Change id assigned to gpu's

Hello,

one of the seven M2070’s in our gpu cluster is acting strange, and I would like to bypass it for the time being by giving it a high device id.

Unfortunately, it’s current device id is 1, so whenever an application uses 2 or more gpu’s, it picks the bad one and crashes. I can identify which one is bad, because I have a test app that can run on a selected device id, and id=1 fails, while all others succeed. (fails on cuCtxSynchronize with driver api and cudaMemcpy with runtime api). I agree it’s strange to be visible, accessible, print the same info as all the others in nvidia-smi -q output, and still crash, but what can I do. The bigger problem at the moment is that this one gpu is blocking 6 gpu’s from being used, just by having a low device id.
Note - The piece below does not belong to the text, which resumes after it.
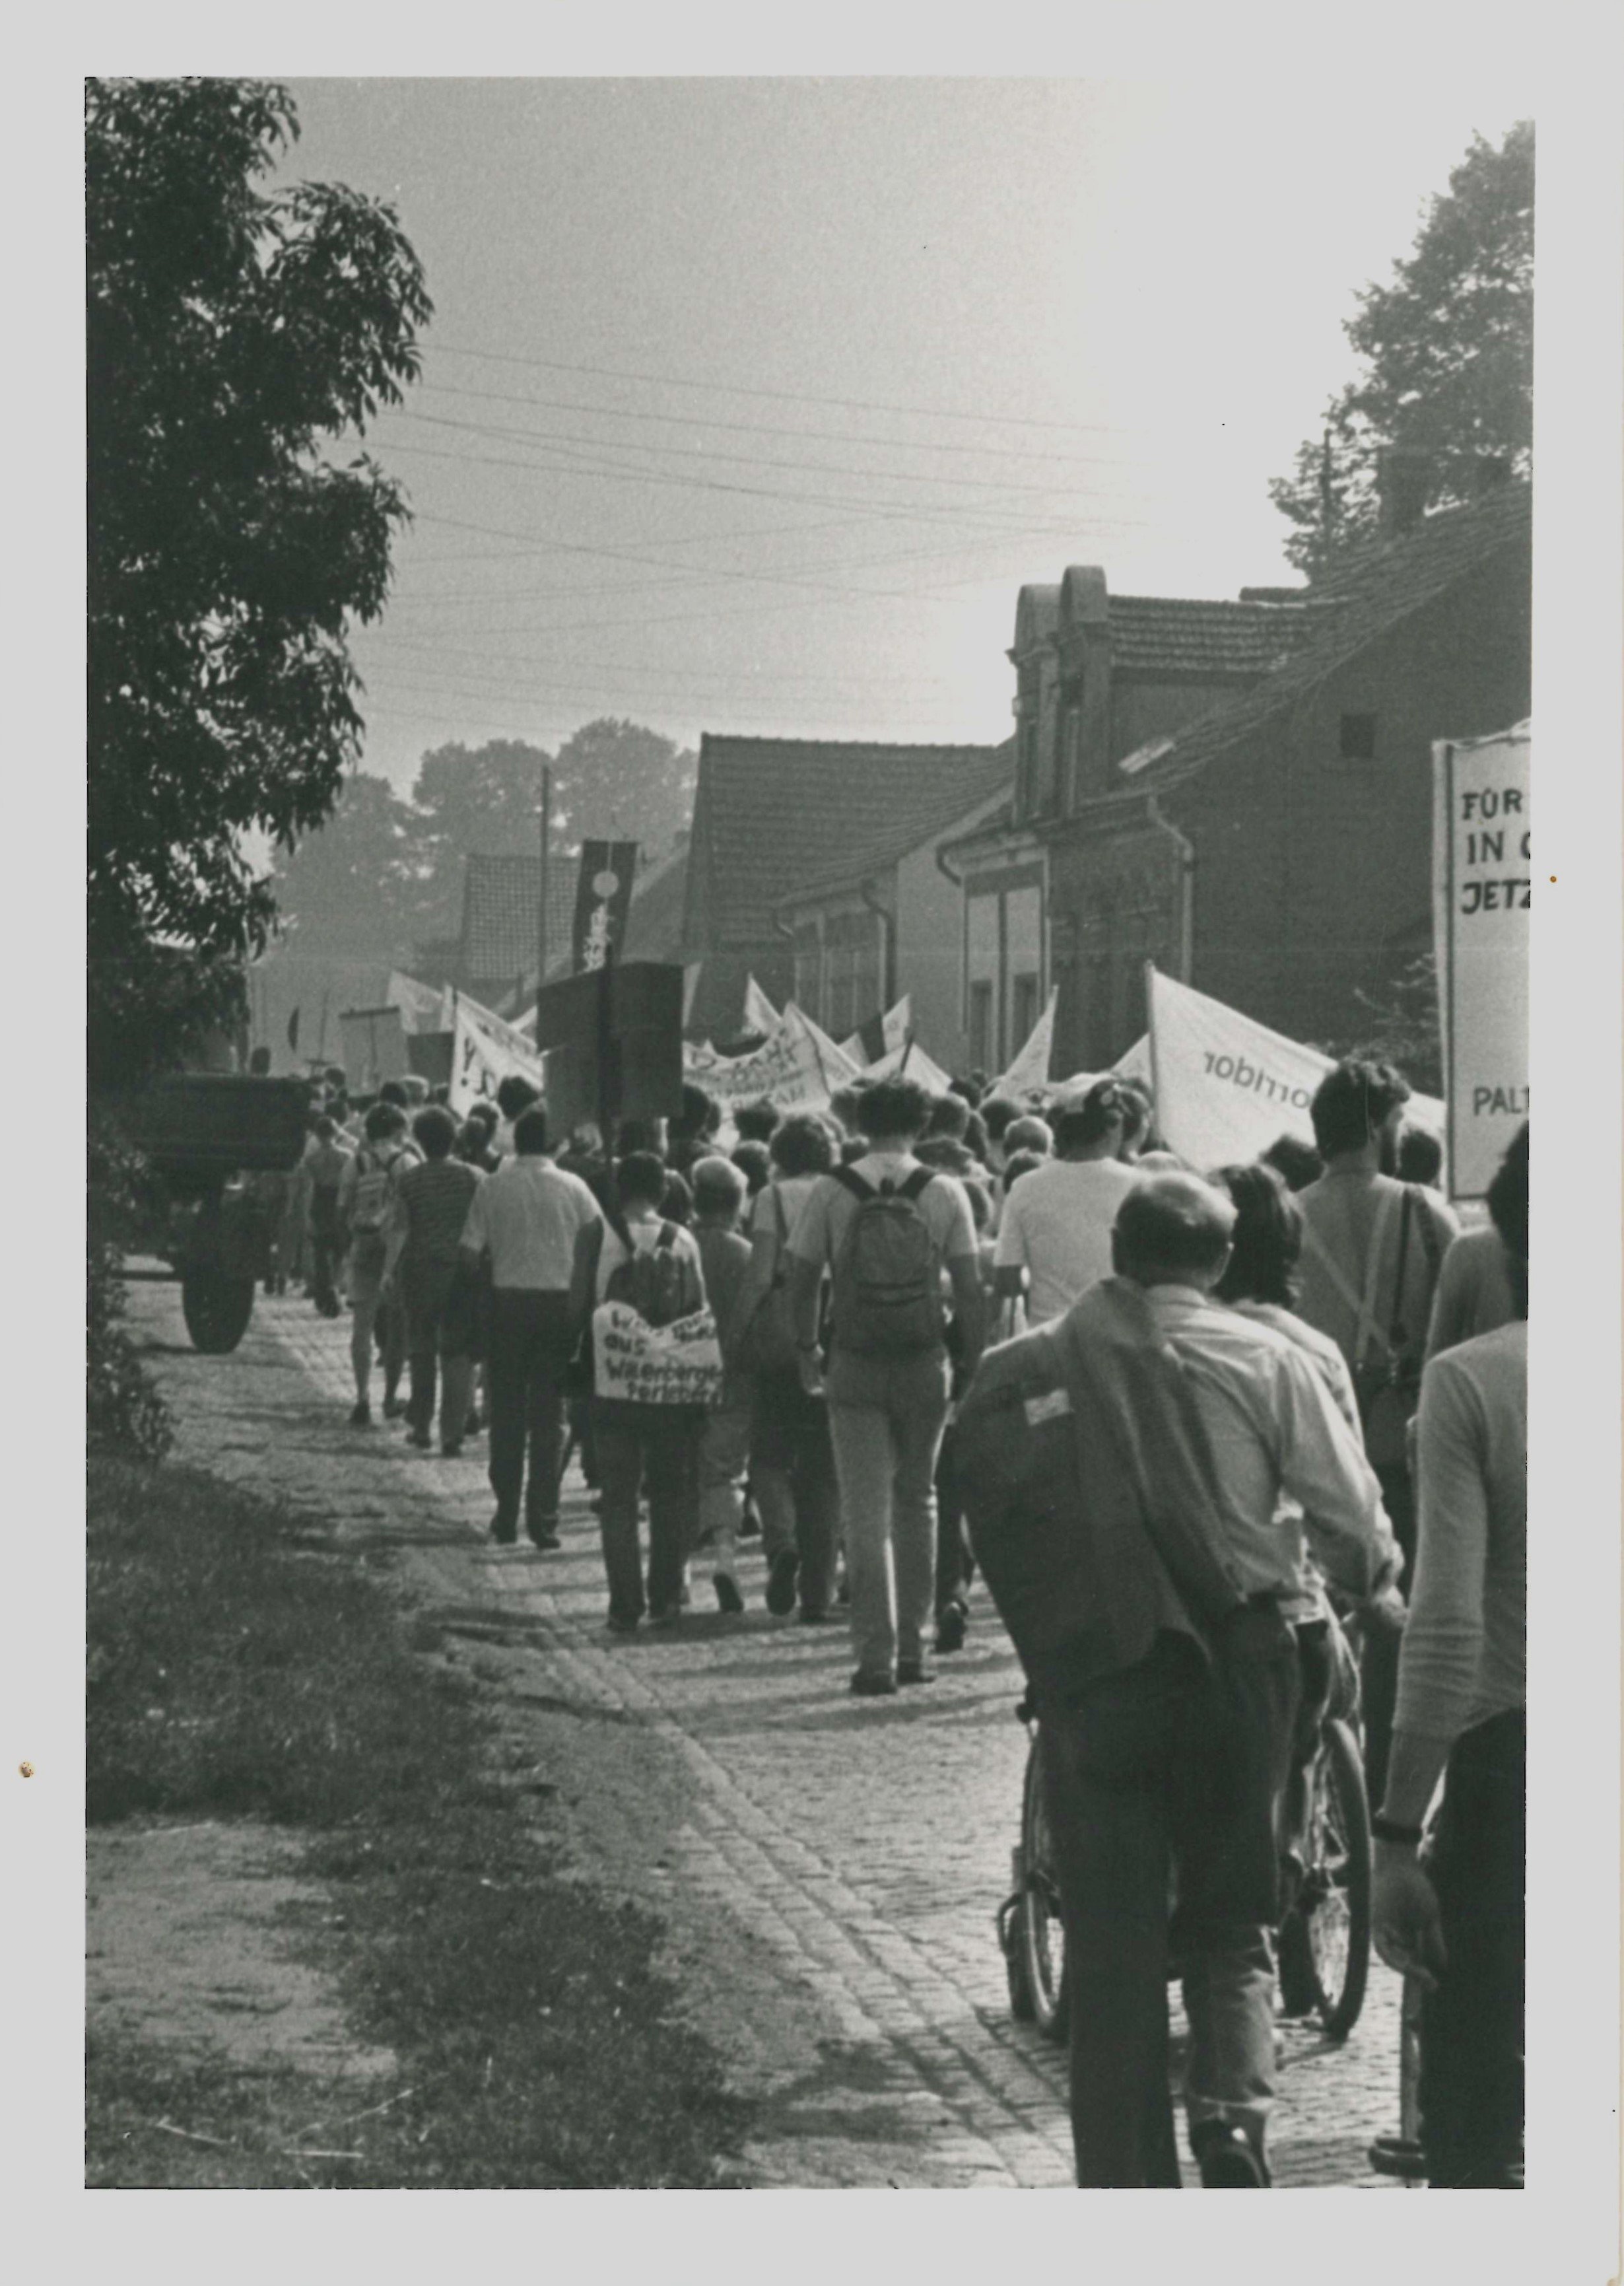 Olof-Palme-Marsch 1987: Demonstrationszug auf einer Dorfstraße (DDR Geschichtsmuseum im Dokumentationszentrum Perleberg CC BY-SA)

I know cudaSetDevice(cpu_thread_id) is not the best way to do things, but it’s deep inside a huge application and I was wondering if I could allow users to use up to 6 gpu’s until we replace the bad one by simply assigning it id=6.

Unfortunately, I couldn’t find a way to change the number assigned to gpu’s:

In /proc/driver/nvidia/gpus/, I have
0 1 2 3 4 5 6

which are folders, each holding two files, registry and information:

Model: Tesla M2070
IRQ: 24
Video BIOS: ??.??.??.??.??
Card Type: PCI-E
DMA Size: 40 bits
DMA Mask: 0xffffffffff
Bus Location: 0000:11.00.0

I tried switching contents of folders 1 and 6 as root but it won’t let me write there and it seems sketchy anyway.

If I do nvidia-smi -L, I get

GPU 0: Tesla M2070 (S/N: 0323810023943)
GPU 1: Tesla M2070 (S/N: 0323910067088)
GPU 2: Tesla M2070 (S/N: 0323810024610)
GPU 3: Tesla M2070 (S/N: 0323910066122)
GPU 4: Tesla M2070 (S/N: 0323810024517)
GPU 5: Tesla M2070 (S/N: 0323810023629)
GPU 6: Tesla M2070 (S/N: 0323810011984)

My gut feeling tells me, it MUST be possible to enumerate the gpu’s myself, and I would appreciate it a lot if someone could tell me how…

My next guess is opening the blade and taking out the gpu’s one by one until I have the bad guy… that’s 7 times, worst case… MAN do I NOT wanna do that…

Cheers

Igor

Setting the environment variable CUDA_VISIBLE_DEVICES to 0,2,3,4,5,6 should do what you want.

Thank you very much, that works fine!